When you think entrepreneur, you probably don’t think background in biology and English literature. But Claudia Luján ’15 defies categorization.

In recognition of the leadership and collaboration skills Luján honed at Swarthmore, Venture for America (VFA) has named the El Paso, Tex., native one of its 2015 Fellows.

“I was as ecstatic as I was surprised,” says Luján. “I wasn't sure that my [academic] background made the strongest case, but thankfully I had experience leading groups both on and off campus.”

VFA seeks fellows from various backgrounds. Its main criteria: “a track record of building things, experience in scrappy and entrepreneurial contexts, the ability to direct yourself when no one’s telling you what to do, and a history of kicking butt everywhere you go.”

VFA aims to help revitalize American communities through entrepreneurship, placing its fellows in two-year positions with startup companies it partners with in 12 cities.

Luján is crossing her fingers for an opportunity in Philadelphia or Baltimore, but no matter what she plans to immerse herself in the experience.

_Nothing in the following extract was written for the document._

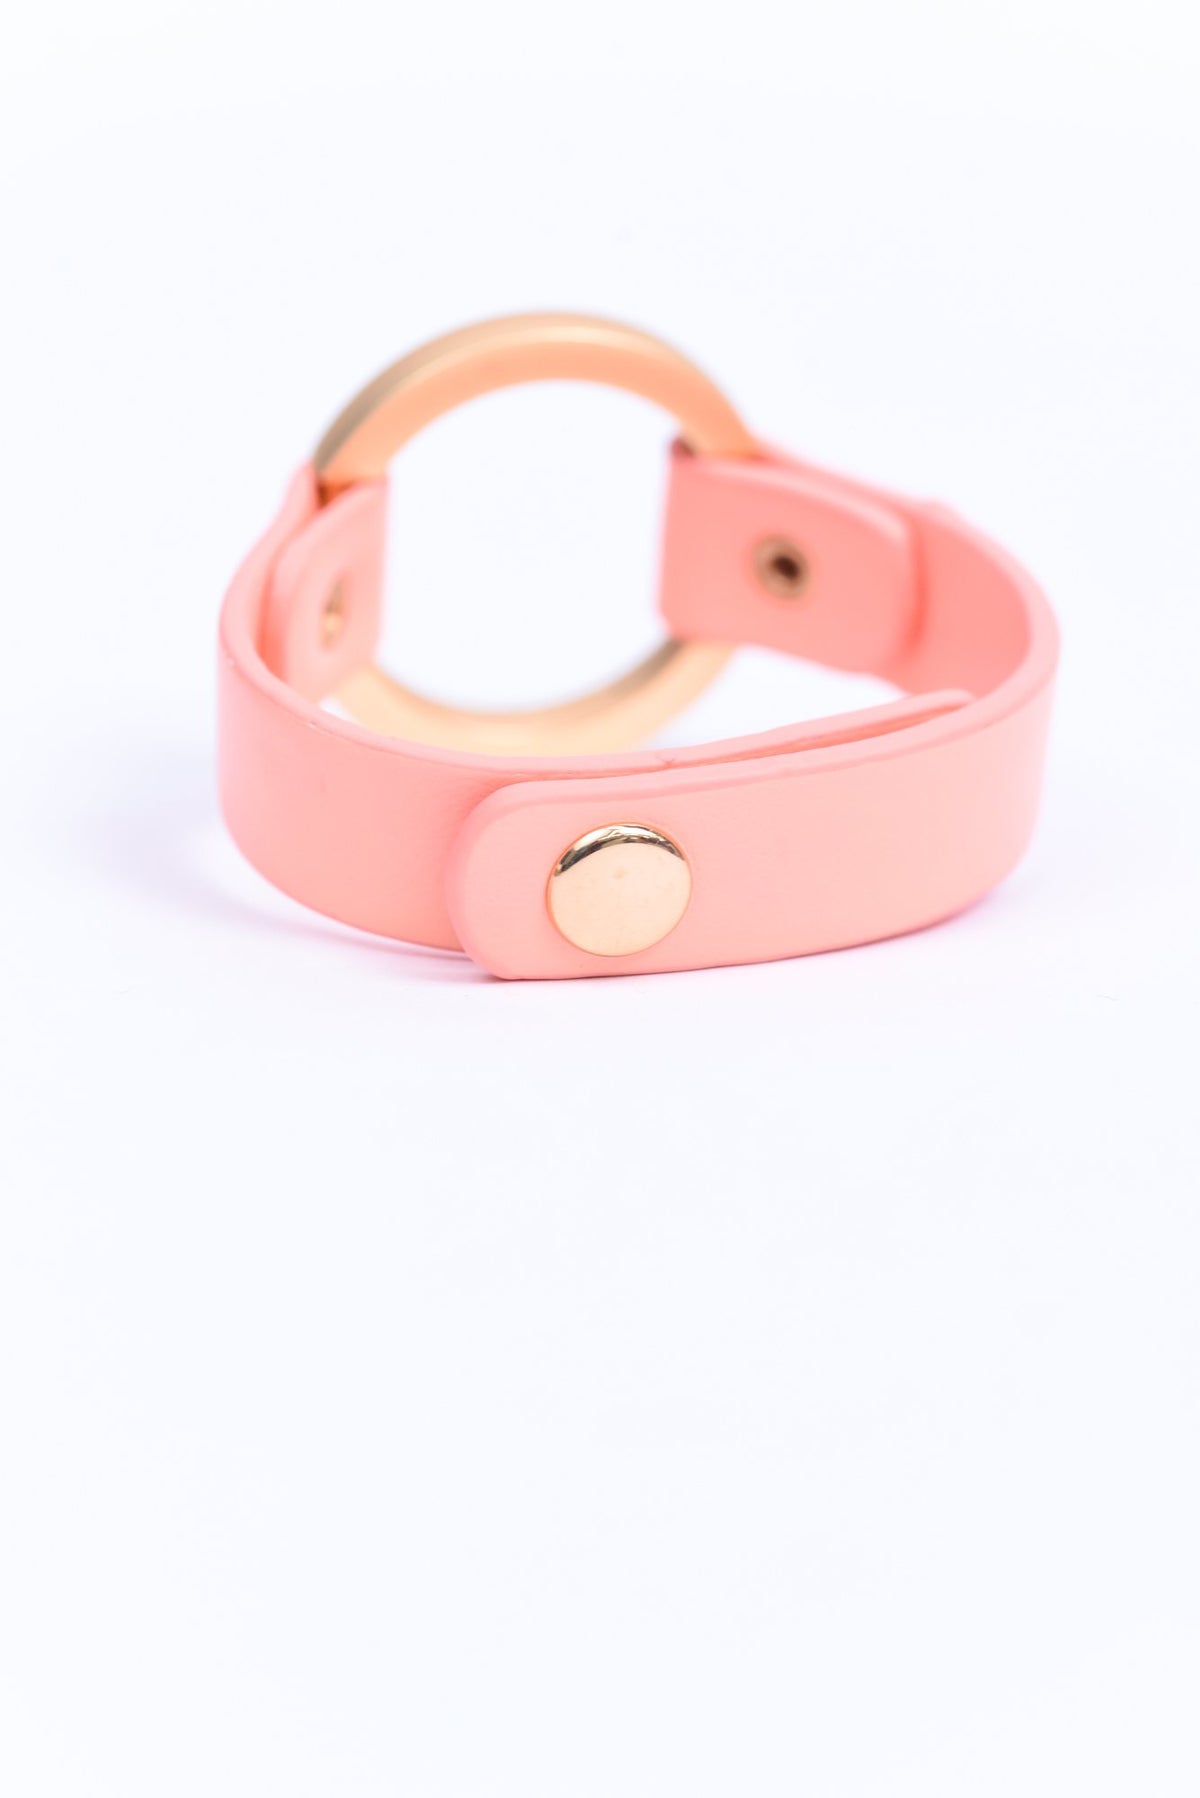 Peach/Gold Open Circle Snap Closure Bracelet - BRC2989PE

“I don’t think there’s a better place to learn how to run a business than a startup,” she says. “You have the ability to learn alongside a small team and really contribute to the direction of the company.”

Before joining a startup, Lujan will spend this summer at a training camp at Brown University — “a crash course on everything entrepreneurial,” she says. She’s excited to work with and learn from the other fellows this summer and as a member of the VFA network.

“The fellows I’ve met so far are very talented and extremely motivated to give back to the cities they were placed in,” she says. “Fellows go on to start their own companies after VFA, so I’m excited about the potential for collaborative work.”

Among Luján's experiences at Swarthmore were volunteering for the Global Health Forum through the Lang Center for Civic & Social Responsibility, helping to launch the first student-led science journal, and leading a poetry workshop. She relishes the interdisciplinary nature of the College, which she says “fundamentally shaped” how she approaches problems.

“I have a wide set of seemingly unrelated skills that are actually very useful at a startup,” says Luján. “You have to think quickly on your feet and come up with innovative solutions. Having the capacity to tap into a variety of perspectives for a given problem is something I can thank Swarthmore for."